Questa è l'azione di rovesciamento istituzionale che medici, psicologi, sociologi, infermieri e malati hanno proposto e provocato in un ospedale psichiatrico, contestando sul piano pratico la condizione manicomiale. Riferendosi anche ad esperienze straniere (in particolare a quella inglese di Maxwell Jones) si è proceduto - attraverso critiche successive -alla negazione della realtà manicomiale, mettendo in evidenza l'ambigua posizione di una comunità come microsocietà che vuole costituirsi su premesse pratiche e teoriche in opposizione ai valori dominanti.

Siamo giunti ad un momento che giustifica la messa in crisi di una situazione: la realtà manicomiale è stata superata - con tutte le sue implicazioni pratico-scientifiche - e non si sa quale potrà essere il passo successivo.
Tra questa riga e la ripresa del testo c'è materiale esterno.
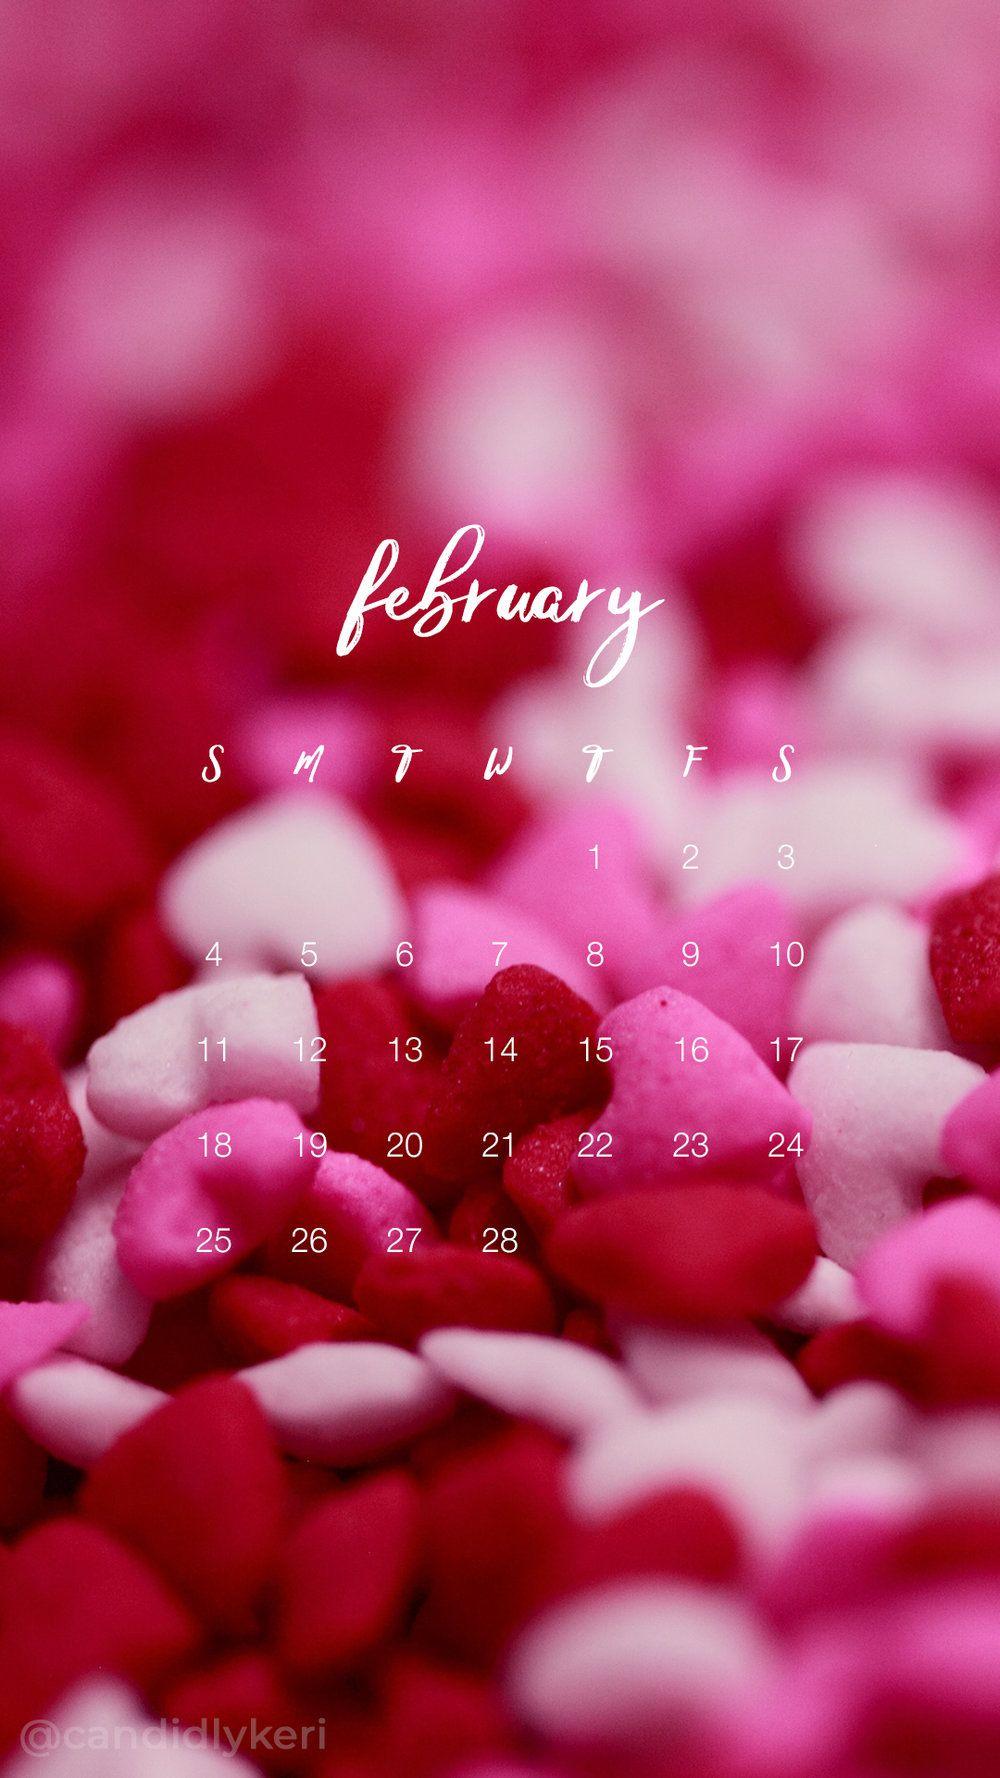 valentines wallpaper wallpaper hd aesthetic

Nelle esperienze straniere cui ci si è, all'inizio, riferiti, si riconoscono — anche se non denunciate — le stesse contraddizioni, le stesse incapacità. Le uniche alternative possibili, a noi quanto a loro, sono quelle di rinchiuderci nell'ambito istituzionale, con l'inevitabile involuzione di un movimento dinamico che si fissa e si cristallizza; o di tentare di estendere la nostra azione alla discriminazione ed esclusione che la società ha imposto al malato mentale. Come non risalire dall'escluso all'escludente? Come agire dall'interno di un'istituzione su ciò che la determina e la sostiene?

Le discussioni, le polemiche, gli appunti raccolti nel volume, hanno solo questo significato: l'analisi di una situazione che cerca un successivo superamento uscendo dal suo campo specifico e tentando di agire sulle contraddizioni sociali.
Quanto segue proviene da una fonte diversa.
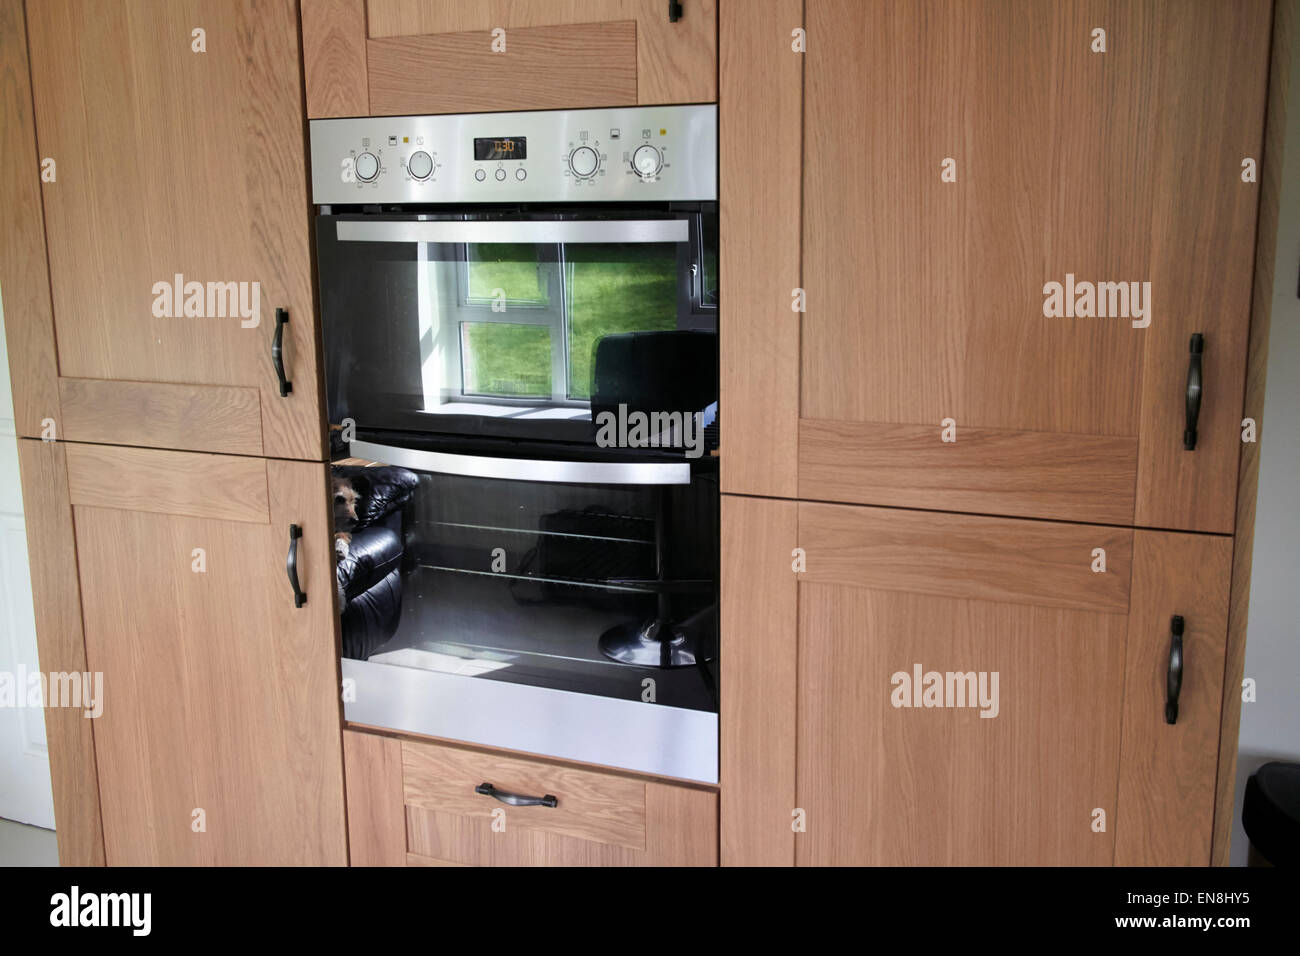 Double oven stockfotos & double oven bilder alamy

La condizione dello psichiatra è, nella nostra realtà, più evidente rispetto ad altre, nel senso che il contatto diretto con la vistosa condizione di violenze, sopraffazioni e soprusi, richiede la violenza al sistema che li produce e li permette: o si è complici, o si agisce e si distrugge.

Questo atteggiamento radicalmente critico di ciò che la scienza ha fatto del malato mentale, può essere considerato anarchico poiché rifiuta di etichettarsi da sé, utopico perché nega ogni definizione e classificazione; ma ci convince ad impiegare parole di «rivoluzione» e «avanguardia» che possono suonare come svuotate e consumate nel loro significato. È la durezza della realtà in cui si agisce che ci trasmette questa violenza e ci suggerisce e impone di usare questi termini, convinti come siamo di non fare della «letteratura rivoluzionaria».
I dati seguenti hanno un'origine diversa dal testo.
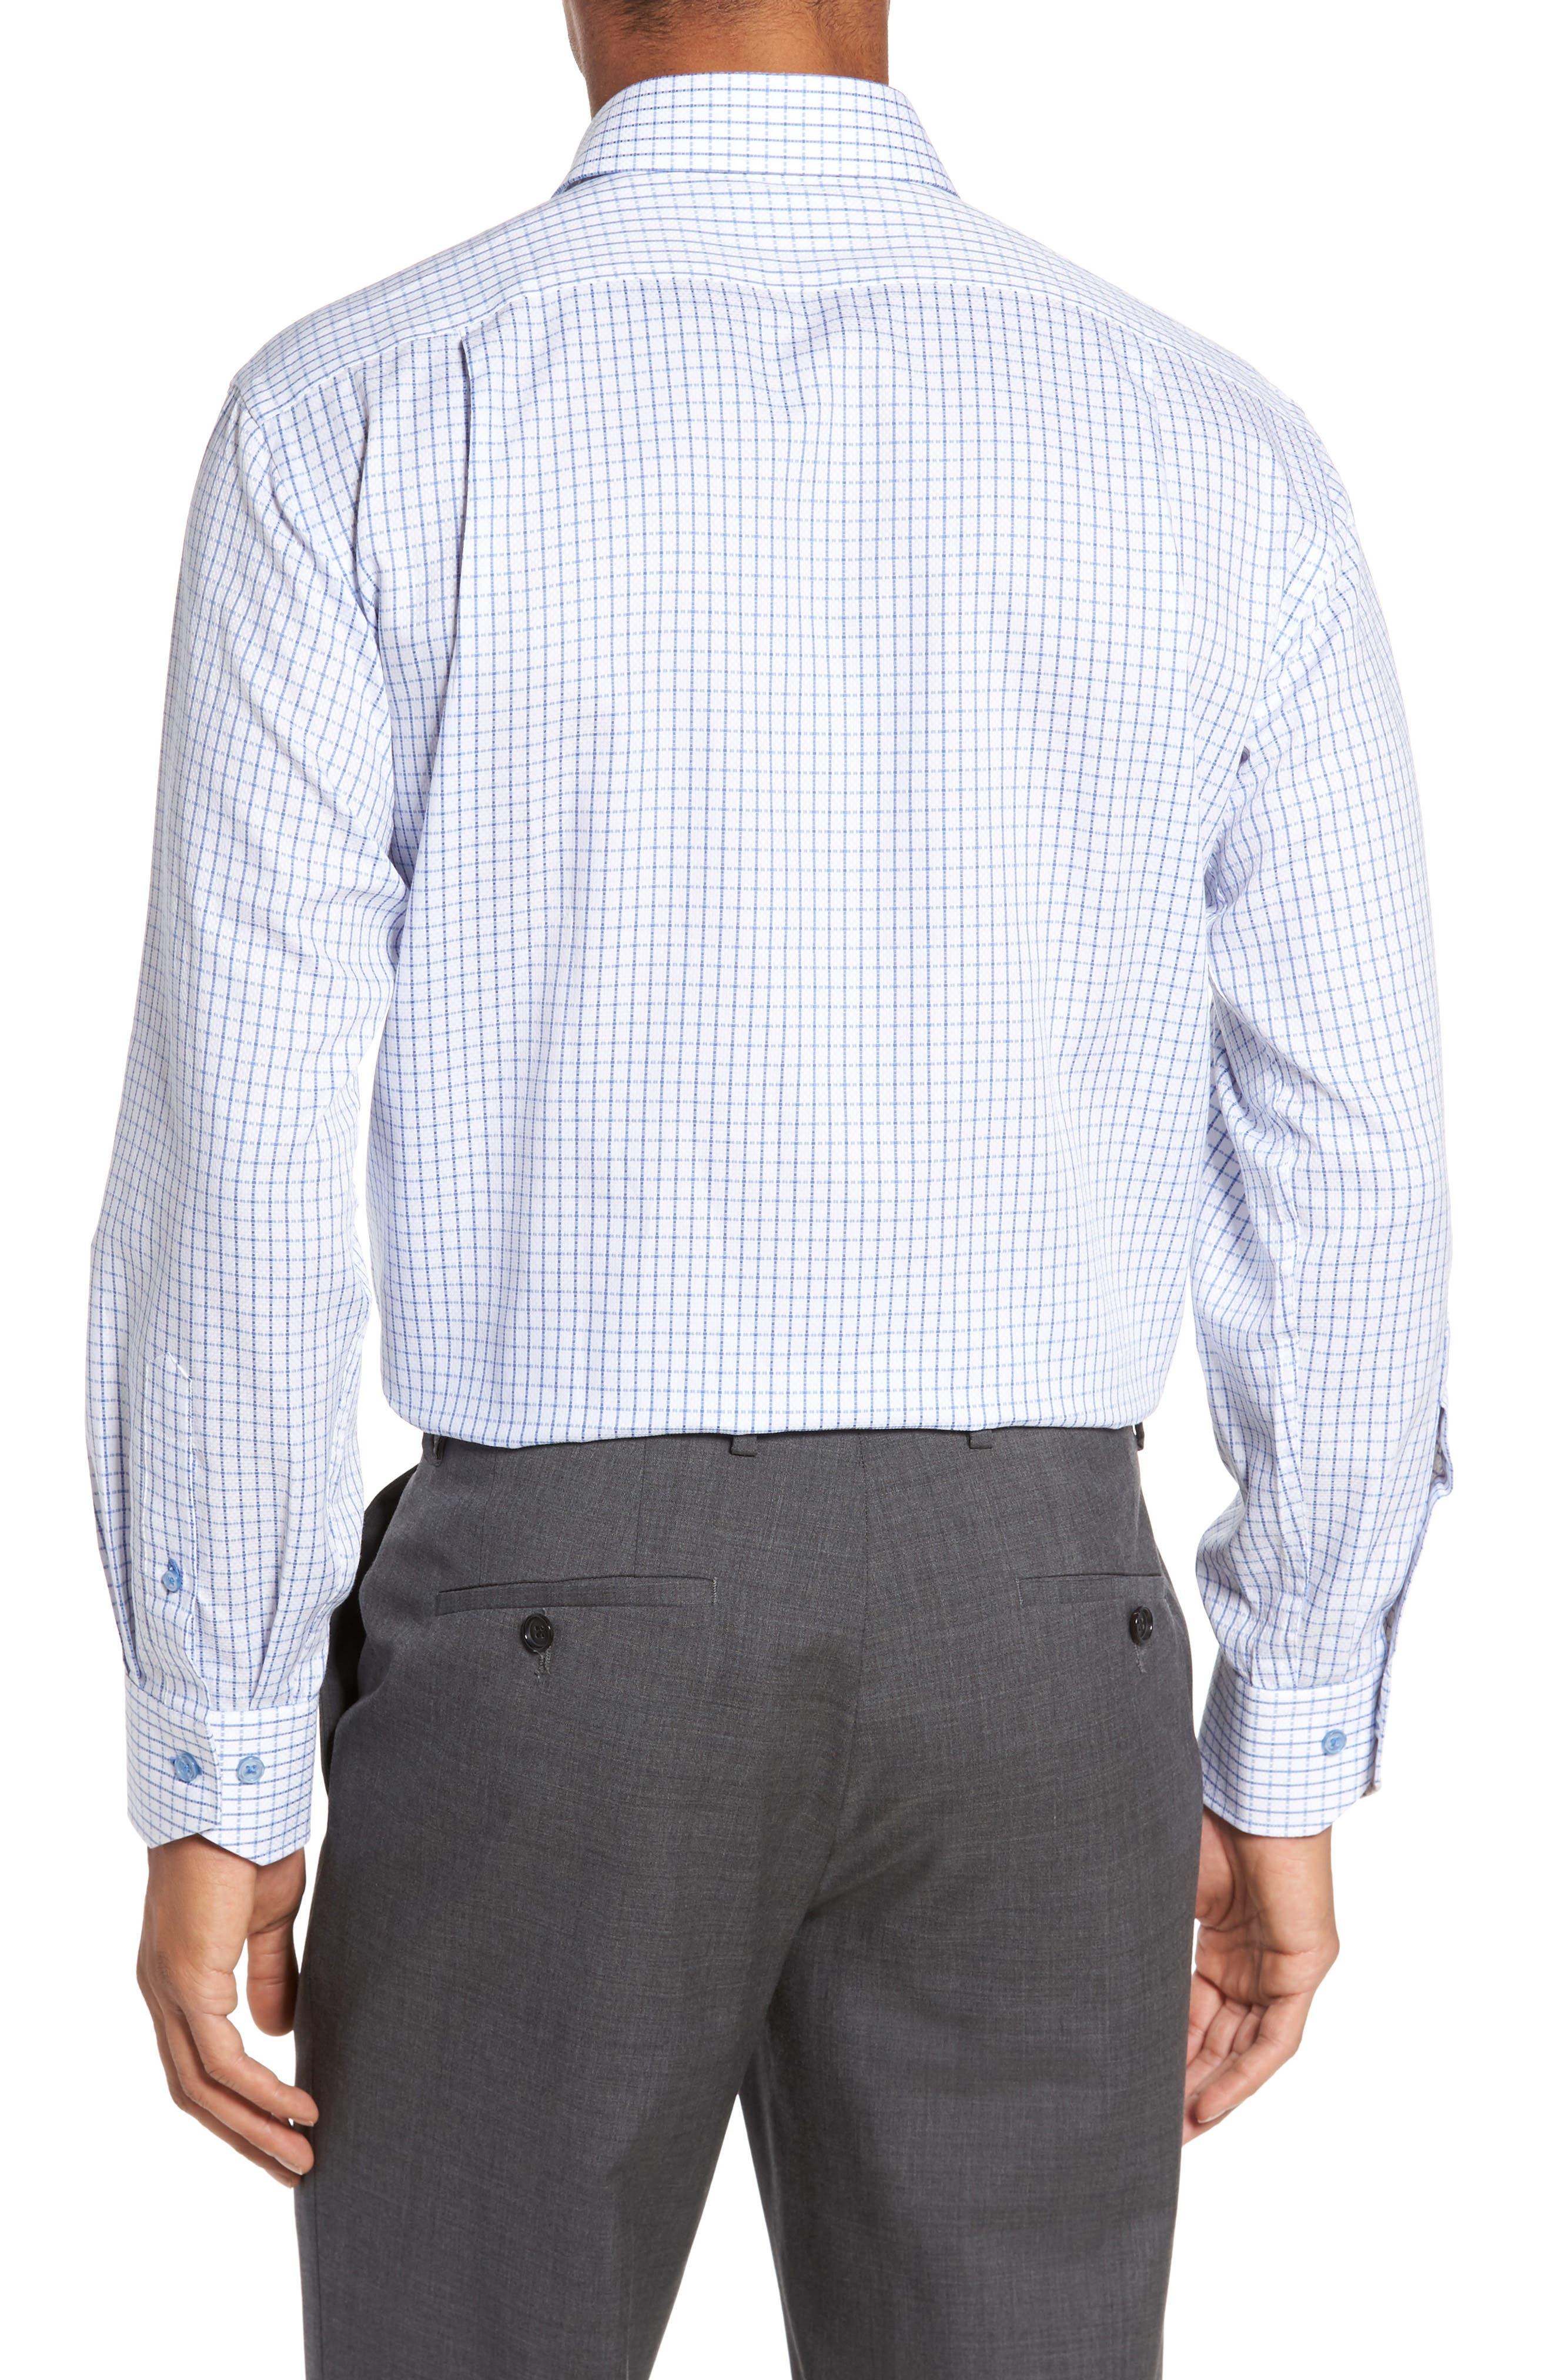 Trim Fit Textured Check Dress Shirt,                             Alternate thumbnail 2, color,                             LIGHT BLUE

Il senso del volume vuole essere soltanto l'analisi di una serie di problemi, che non sono problemi psichiatrici particolari, per dimostrare come un'azione - carica di tutte le sue contraddizioni - sia possibile all'interno di un'istituzione della violenza, e come quest'azione ci rimandi alla violenza globale del nostro sistema sociale.

È troppo facile all'establishment psichiatrico definire il nostro lavoro, come privo di serietà e di rispettabilità scientifica. Il giudizio non può che lusingarci, dato che esso ci accomuna finalmente alla mancanza di serietà e di rispettabilità, da sempre riconosciuta al malato mentale e a tutti gli esclusi.